Psychologist, researcher and shame expert, Dr. Brene Brown says “Shame is a focus on self…Shame is “I am bad… I am a mistake.” What a horrible thing to wish or gift to someone else by saying, “Shame on you.”

But what if instead of rejecting the painful nature of that moment-everyone pointing at and demonizing everyone else-we opened ourselves up to it instead?  As each person chanted “shame” at someone else, that person must inherently understand the depths of the anguish of the other because it matched their own agony. Simultaneously, everyone in that room was standing in the shoes of everyone else in that room.

Rabbi Berel Wein, Jewish historian and author writes the following regarding the virtue of shame. “As long as shame existed the possibility for repentance and self-improvement also existed… Only when the sense of shame disappears does hope wane for a change for the better”

Shame, when we are looking at our own selves, can serve as a tool to inspire change. Now, those assembled did not feel shame about their own position regarding abortion but perhaps getting in touch with the shame one might feel for name calling and publicly insulting another human being might be the gateway into some real change.

Shame separates us.  But, Dr. Brown tells us that If we’re going to find our way back to each other [from shame], vulnerability is going to be that path.”  She further shares, “vulnerability is not weakness, it is pure courage…  I’ve come to the belief that vulnerability is our most accurate measurement of courage — to be vulnerable, to let ourselves be seen, to be honest…vulnerability is the birthplace of change.”

That moment in the meeting was dreadful because no one was listening, no one was learning, no one was better for it. By being willing, open and vulnerable to our own pain and the pain of others, only then is change possible. Only then is the moment of shaming transformed into a moment of awakening.

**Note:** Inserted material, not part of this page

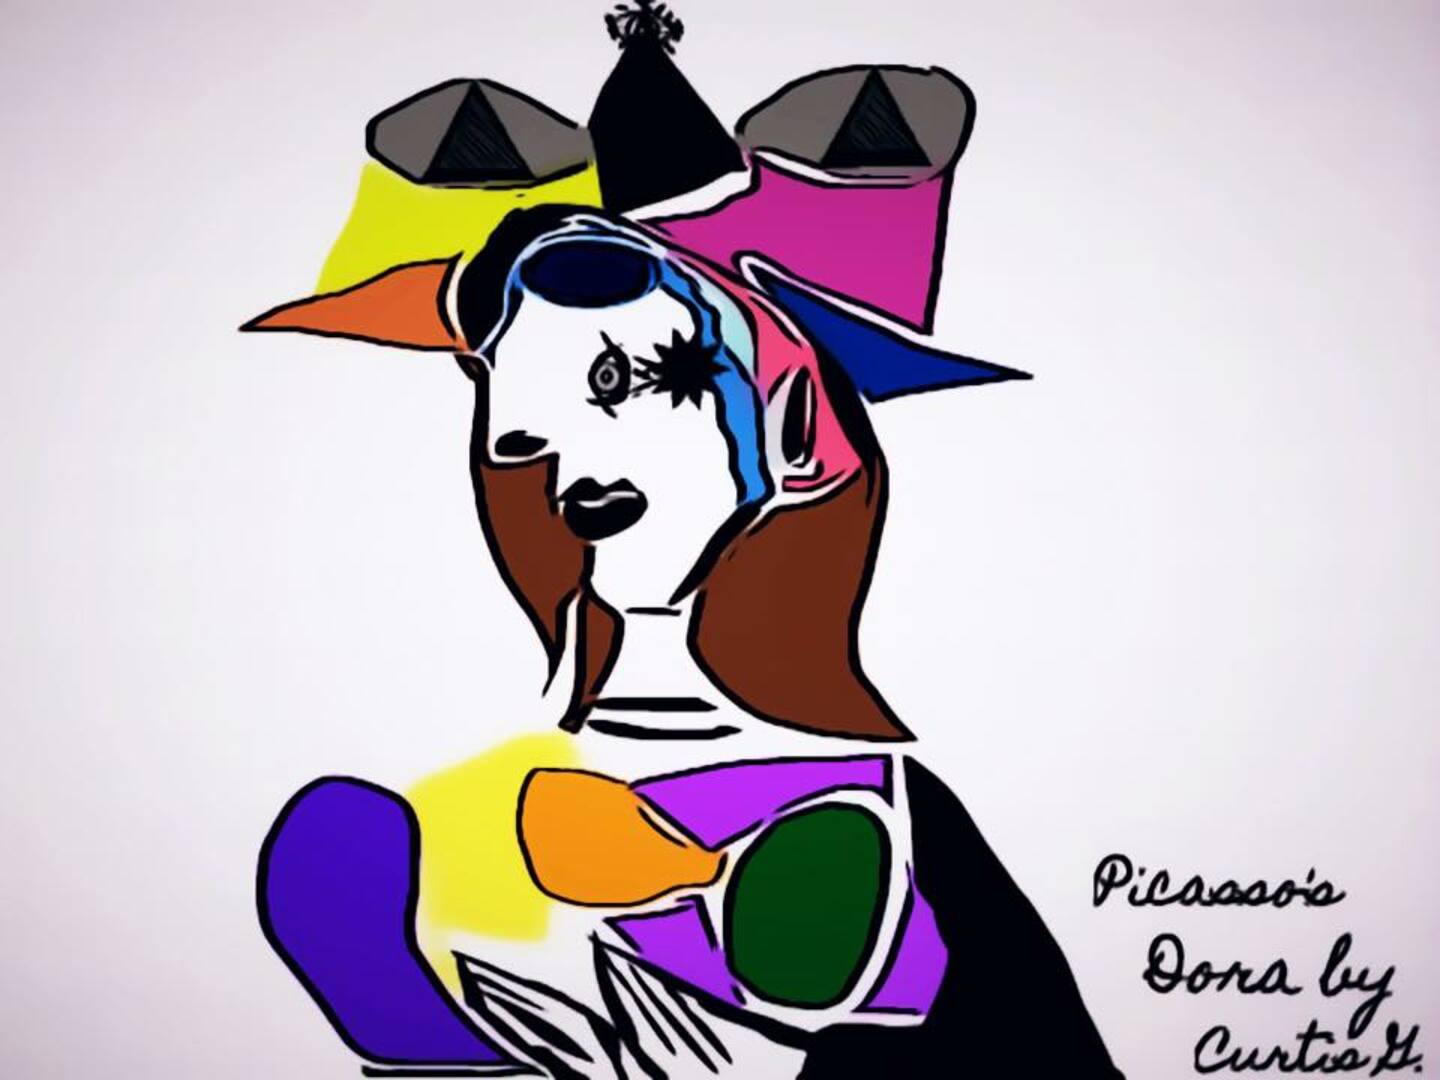 Picasso's Dora by Curtis G. - NFT

For all the finger pointing and criticizing that was happening today, I offer these words by President Theodore Roosevelt and invite all of us to enter the arena. “It is not the critic who counts; not the man who points out how the strong man stumbles, or where the doer of deeds could have done them better. The credit belongs to the man who is actually in the arena, whose face is marred by dust and sweat and blood; who strives valiantly; who errs, who comes short again and again, because there is no effort without error and shortcoming…who at the best knows in the end the triumph of high achievement, and who at the worst, if he fails, at least fails while daring greatly, so that his place shall never be with those cold and timid souls who neither know victory nor defeat.”

To sit and point fingers is sitting on the side lines watching the drama. But to truly be a brave warrior for change and for justice, we have to enter the arena. This is what it will take-no more and no less, to change the tenor of our relationships with one another in our country, to come together, to stand up and to move forward. Shame, turned to vulnerability turned to courage. Come in.